Soil mineralogy controls the size, shape, and physical and chemical properties of soil particles and thus its load-carrying ability and compressibility.

The structure of a soil is the combined effects of fabric (particle association, geometrical arrangement of particles, particle groups, and pore spaces in a soil), composition, and interparticle forces. The structure of soils is also used to account for differences between the properties of natural (structured) and remolded soils (destructured).[1] The structure of a soil reflects all facets of the soil composition, history, present state, and environment. Initial conditions dominate the structure of young deposits at high porosity or freshly compacted soils; whereas older soils at lower porosity reflect the post-depositional changes more.

Soil, like any other engineering material, distorts when placed under a load. This distortion is of two kinds - shearing, or sliding, distortion and compression. In general, soils cannot withstand tension. In some situations the particles can be cemented together and a small amount of tension may be withstood, but not for long periods.
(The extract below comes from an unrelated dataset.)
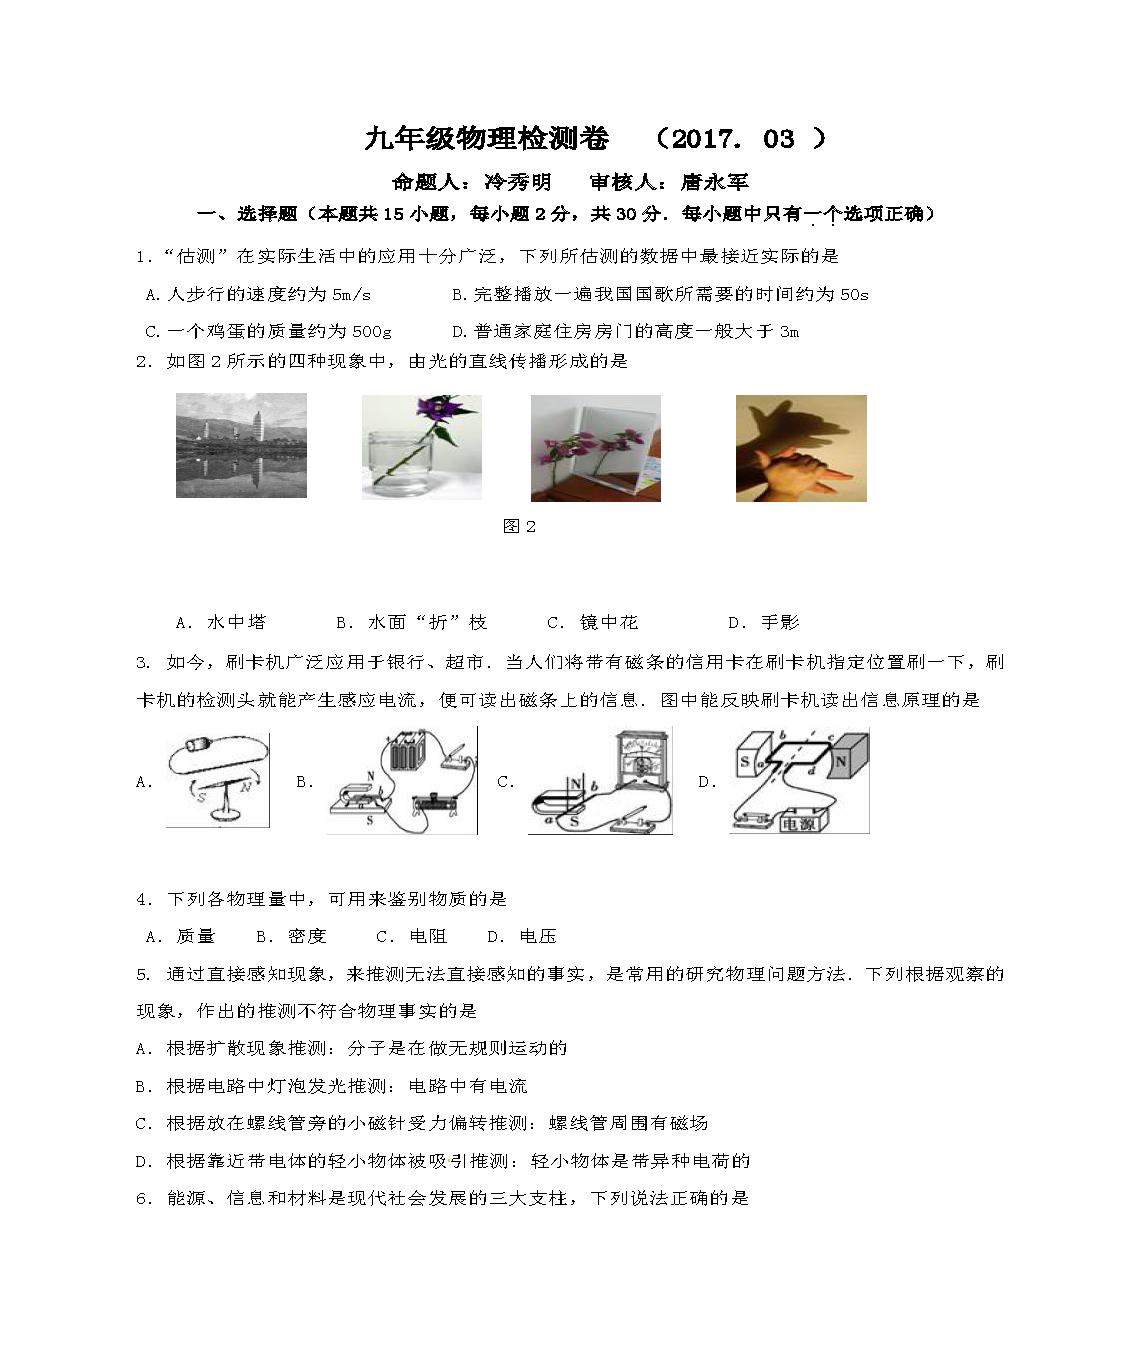 江苏镇江丹阳实验学校2017九年级3月月考物理试题(Word版)

Particles of sands and many gravels consist overwhelmingly of silica. They can be rounded due to abrasion while being transported by wind or water, or sharp-cornered, or anything in between, and are roughly equi-dimensional. Clay particles arise from weathering of rock crystals like feldspar, and commonly consist of alumino-silicate minerals. They generally have a flake-shape with a large surface area compared with their mass. As their mass is extremely small, their behavior is governed by forces of electrostatic attraction and repulsion on their surfaces. These forces attract and absorb water to their surfaces, with the thickness of the layer being affected by dissolved salts in the water.

Sieve Analysis

Sieve analysis is the process of determining the size of soil particles by passing the soil sample through a number of different sieves having different opening (hole sizes).

Sieve # Length of one side of opening (mm)
4 4.75
10 2.0
20 0.850
40 0.425

Effective stress

Spheres immersed in water, reducing effective stress.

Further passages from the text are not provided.